• **What you are asked to do**
No pictures in the copy. Write out the listing below exactly.

• **Material provided**
————
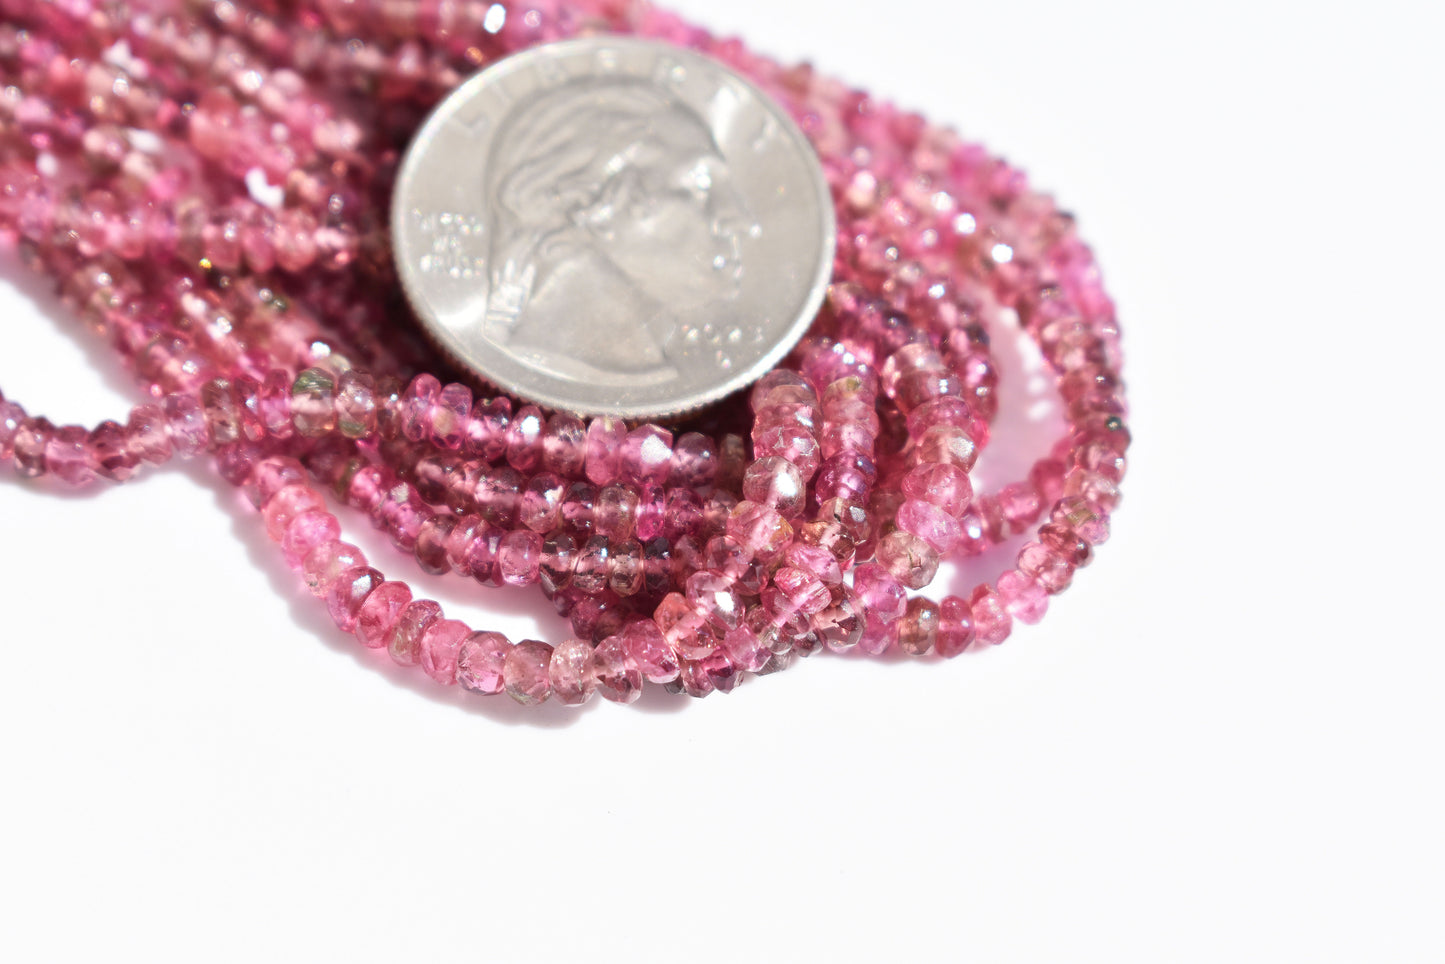 Pink Tourmaline Rondelle Beads 2-3mm
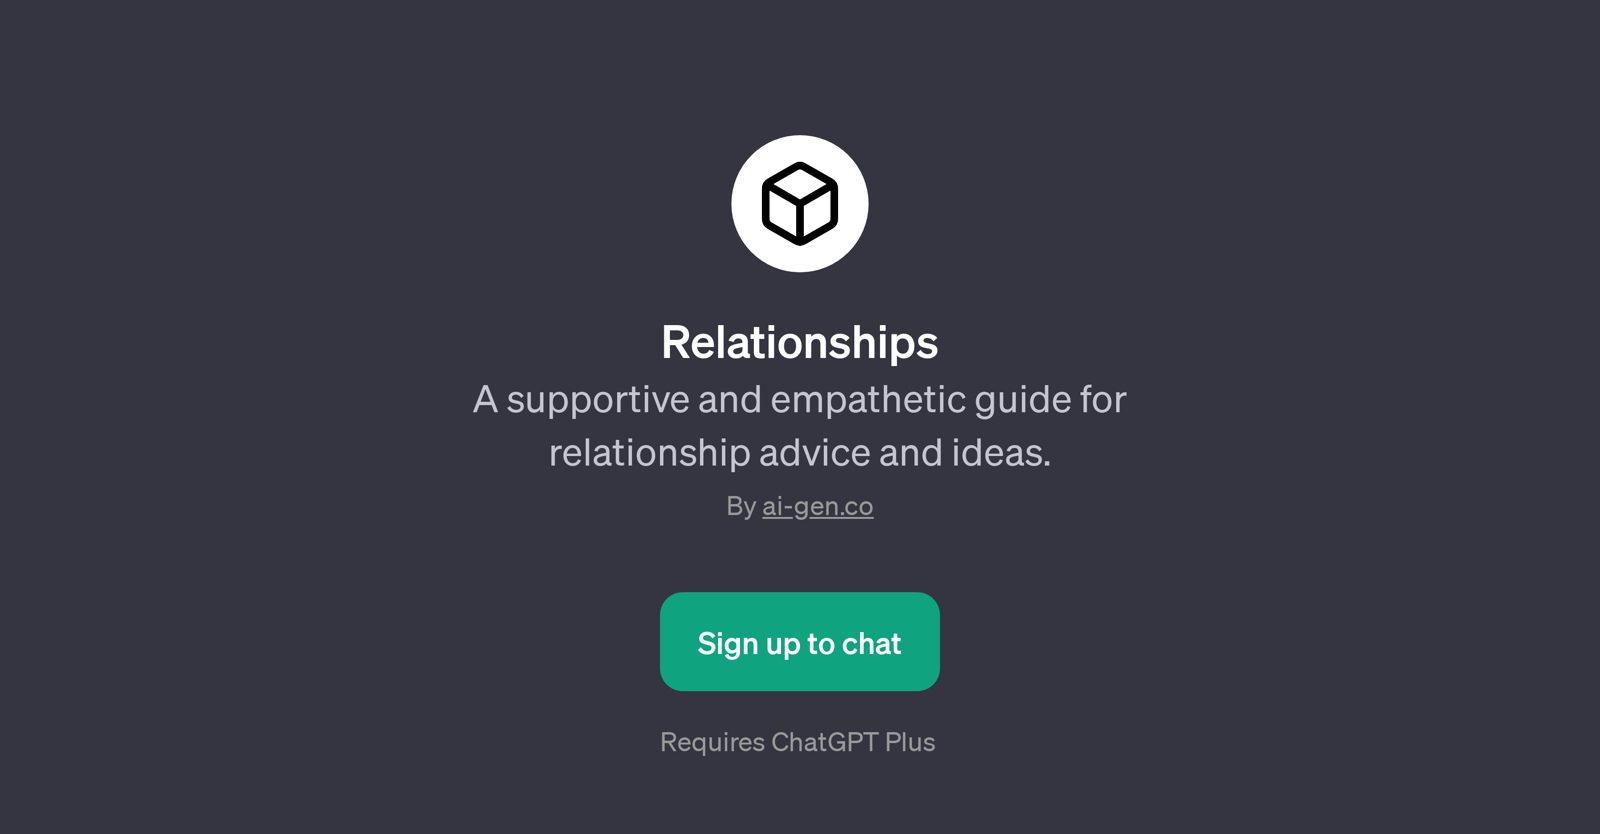 Relationships website
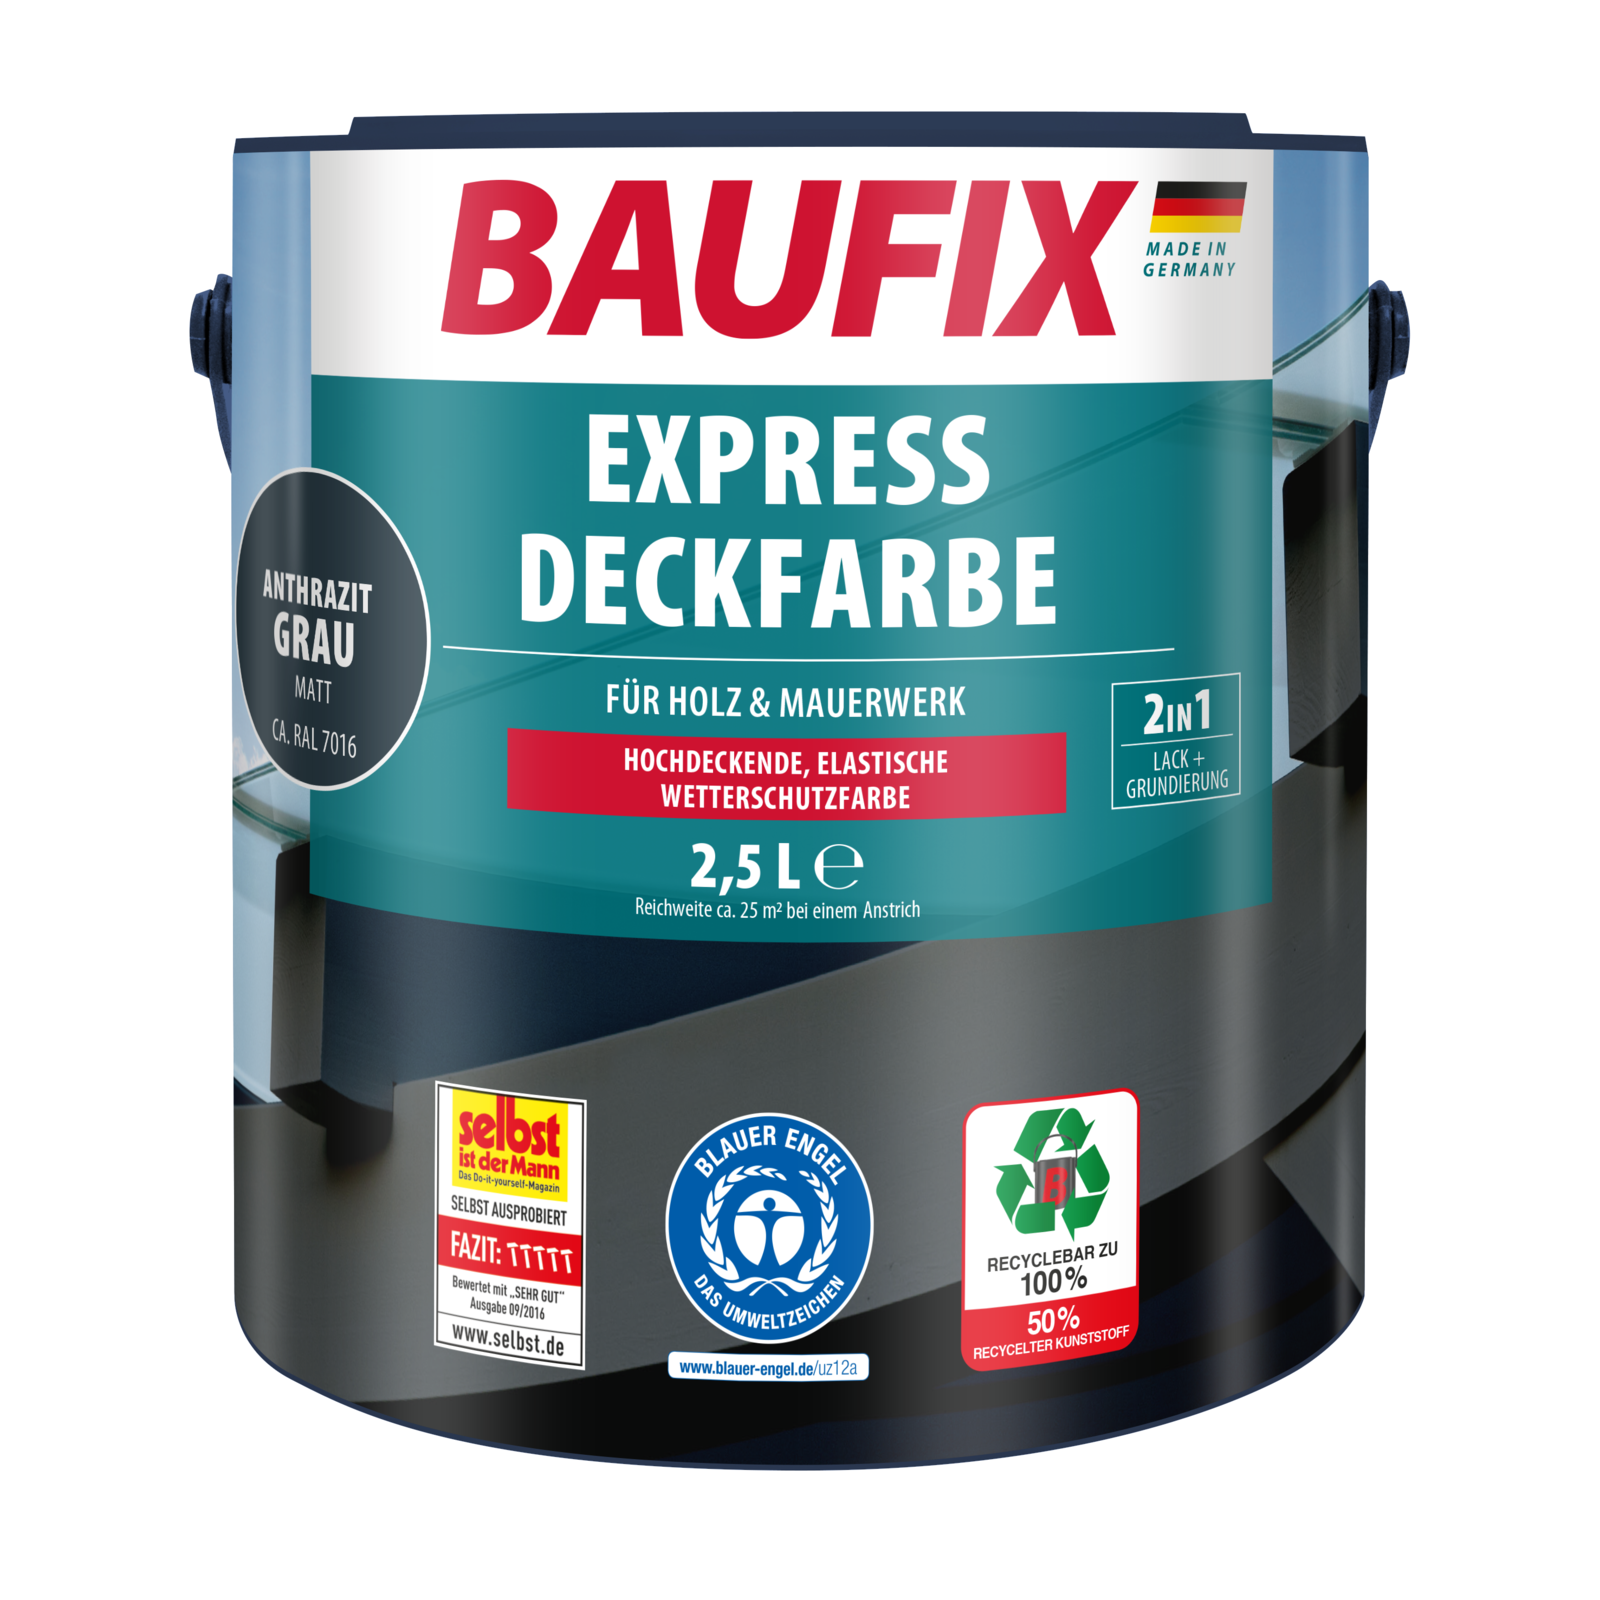 BAUFIX Express Deckfarbe anthrazitgrau | Norma24
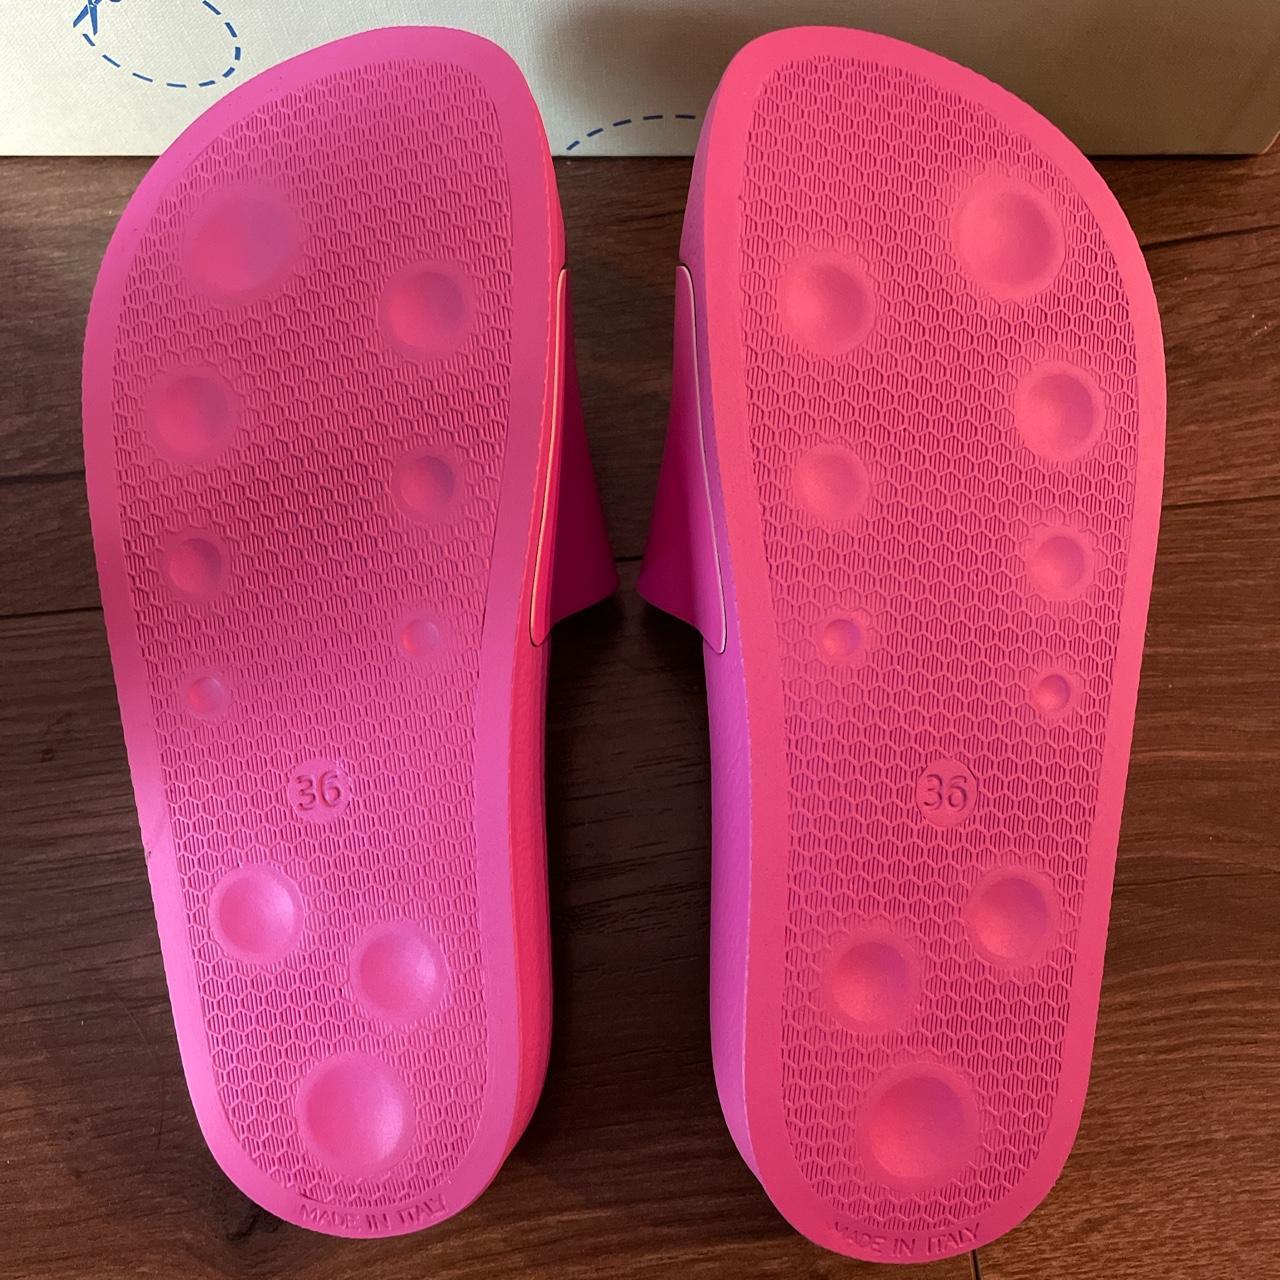 Off-White Women's Pink Slides (3)
————
• **Expected answer**
 Pink Tourmaline Rondelle Beads 2-3mm
 Relationships website
 BAUFIX Express Deckfarbe anthrazitgrau | Norma24
 Off-White Women's Pink Slides (3)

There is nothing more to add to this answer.